Since 2010, the Cloud-Resolving Storm Simulator (CReSS) [29,30] at a grid size of 2.5 km has been used to perform routine forecasts at the National Taiwan Normal University (NTNU), Taiwan [31] (referred to as W15 hereafter), and provided to the TTFRI as a forecast member. In [31], results of 24 h QPFs within 3 days for 15 typhoons during 2010–2012 were reported. The overall TSs for all events at 350 and 500 mm were 0.26 and 0.16 on day 1, 0.21 and 0.12 on day 2, and 0.08 and 0.01 on day 3, respectively. These scores from deterministic forecasts over three seasons at least match the best results for single seasons reported above, if not better, and show that typhoon heavy-rainfall QPFs in Taiwan at high thresholds can be improved using a higher model resolution and a larger fine-grid domain. Moreover, W15 [31] also reported a strong positive dependence of categorical scores on the observed rainfall amount, i.e., event size or magnitude. That is, a larger rainfall area meeting a given threshold results in a higher TS and a greater inferred QPF performance at that threshold. Because of this property, for the rainiest top 5% of typhoon events, the TSs at 350 and 500 mm are 0.32 and 0.34 on day 1 and 0.22 and 0.04 on day 3. Therefore, the skill scores for the top events are even higher, and at least higher than those obtained for all events without classification (see [31,32] for details). Toward the high and extreme thresholds, the evaluation of model QPFs for large rainfall events is very important due to their high hazard potential, but such events are rare by definition. This rarity leads to a reduced sample size toward higher thresholds and, therefore, calls for the need to update the data period of verification in order to ensure the robustness of the results.

Thus, the objectives of the present study were threefold. First, the results of W15 [31,32,33] for three seasons of 2010–2012 were updated to include three more seasons (2013–2015) and, thus, the sample size was roughly doubled.
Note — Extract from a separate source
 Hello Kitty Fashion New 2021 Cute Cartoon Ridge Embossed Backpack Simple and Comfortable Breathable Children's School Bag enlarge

As discussed above, this is important and necessary to confirm stable results of QPFs, particularly for the top events toward the extreme thresholds. Furthermore, the results for QPFs at longer ranges of days 2–3 were also augmented. Second, a classification scheme different from that of W15 [31] is introduced to isolate increasingly larger events to assess model QPFs for them. This method is simple and easier to implement for operational use, if needed. Third, some of the issues associated with categorical scores in model QPFs are also be demonstrated and discussed using examples, such that future researchers will be more aware of these issues. In Section 2, the model, data, and methodology used in this study are described. In Section 3, a few selected examples of CReSS forecasts during 2013–2015 are presented and discussed, so that a general ability of this model to predict rainfall in Taiwan under normal conditions can be assessed. The categorical scores for all events and the top events are updated in Section 4; lastly, the summary and conclusion are given in Section 5.
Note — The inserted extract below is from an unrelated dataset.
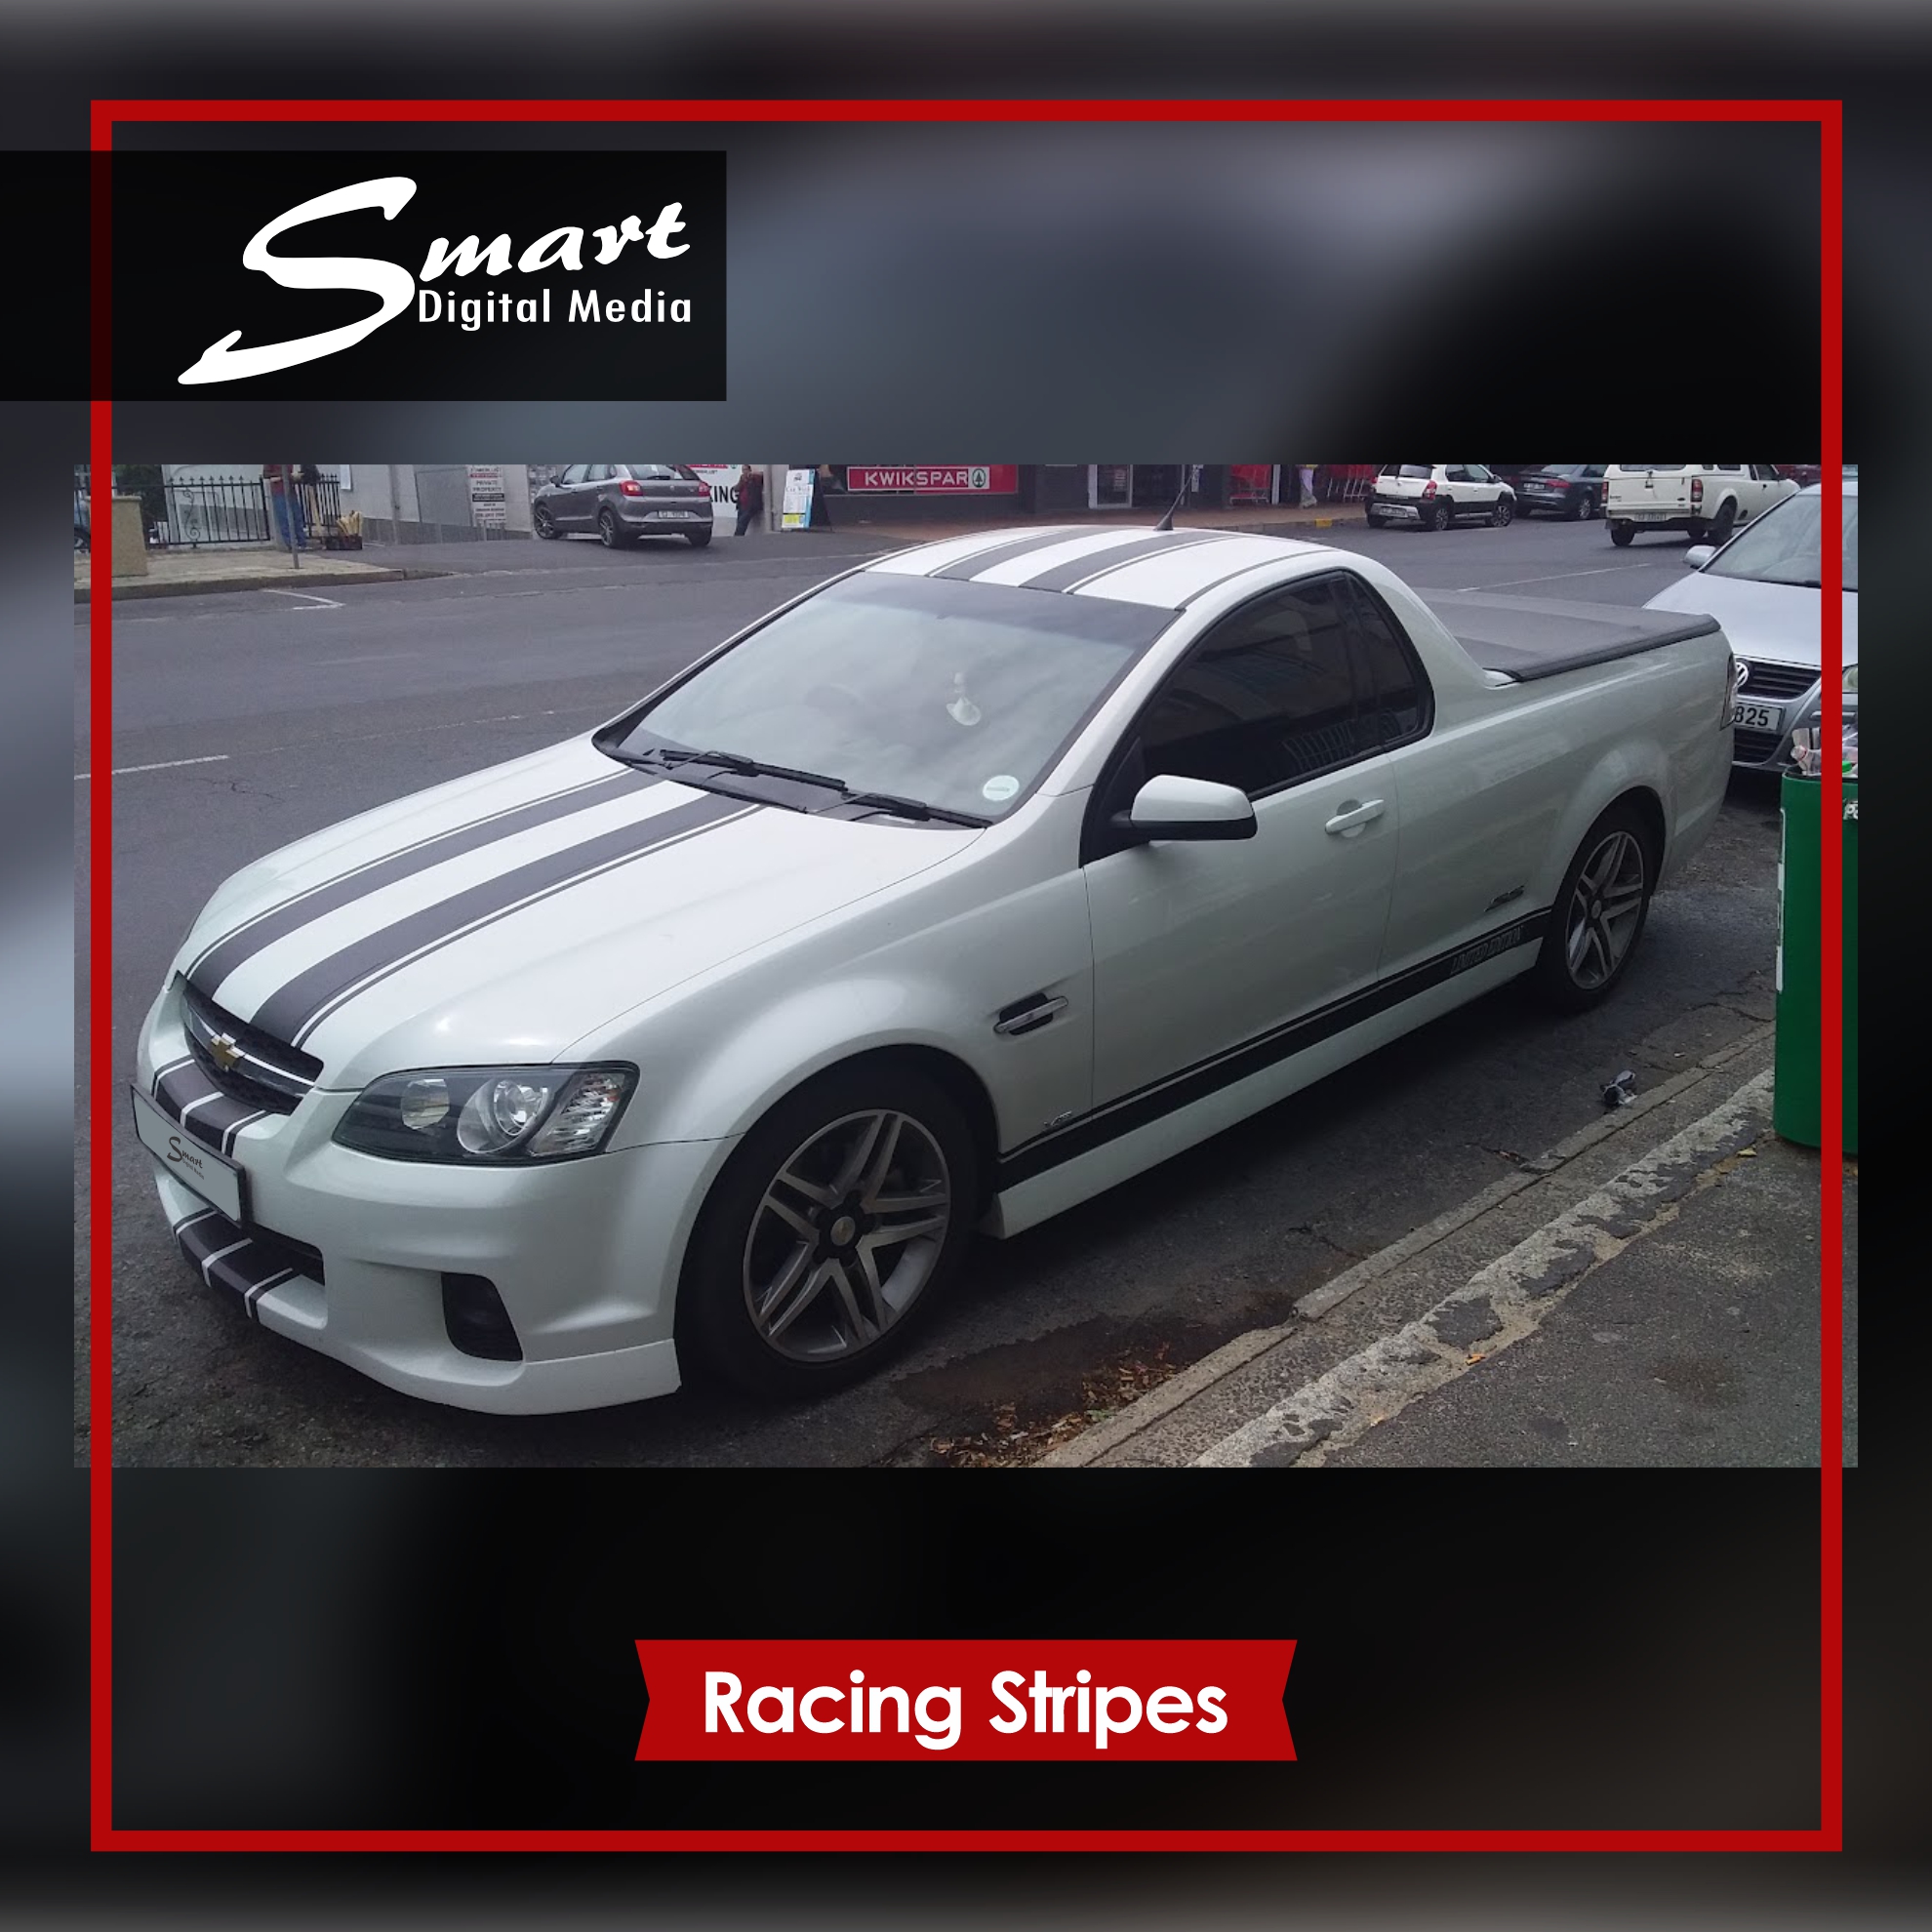 Silver Chevrolet S.S with black racing stripes standing on side of road

2. The CReSS Model, Data and Methodology

2.1. The CReSS Model and Its Forecasts

As an extension of work from W15 [31], the same version and configuration of CReSS was used in this study. Thus, only a brief description is provided below, and the readers are referred to W15 [31] for more details. The CReSS model [29,30] is a cloud-resolving model suitable to simulate convective storms at high resolution with parallel computation (e.g., [34,35,36,37,38,39]). The model utilizes a terrain-following vertical coordinate based on height, and it has neither nesting nor cumulus parameterization [29]. Instead, clouds are treated fully explicitly using a bulk cold-rain scheme following the studies of [40,41,42,43,44], with a total of six species (vapor, cloud water, cloud ice, rain, snow, and graupel). Sub-grid scale processes parameterized include turbulent mixing in the planetary boundary layer [30,45] and surface radiation and momentum/energy fluxes with a substrate model [46,47,48].

As shown in

Table 1. The basic domain and configuration of the 2.5 km CReSS in 2010–2015.

Season	2010–2011	2012	2013–2015
Grid spacing (km)	2.5 × 2.5 × 0.2−0.663 (0.5) *
Grid dimension (x, y, z)	432 × 360 × 40	600 × 480 × 40
Domain size (km)	1080 × 900 × 20	1500 × 1200 × 20
Forecast interval and range	Every 6 h (initial times at 12:00 a.m., 6:00 a.m., 12:00 p.m., and 6:00 p.m. UTC), 72/78 h
IC/BCs	NCEP GFS analyses and forecasts (26 levels)
Grid spacing of IC/BCs	1.0° × 1.0°		0.5° × 0.5°

* The vertical grid spacing of CReSS is uneven and stretched (smallest at bottom), and the parentheses give the averaged value.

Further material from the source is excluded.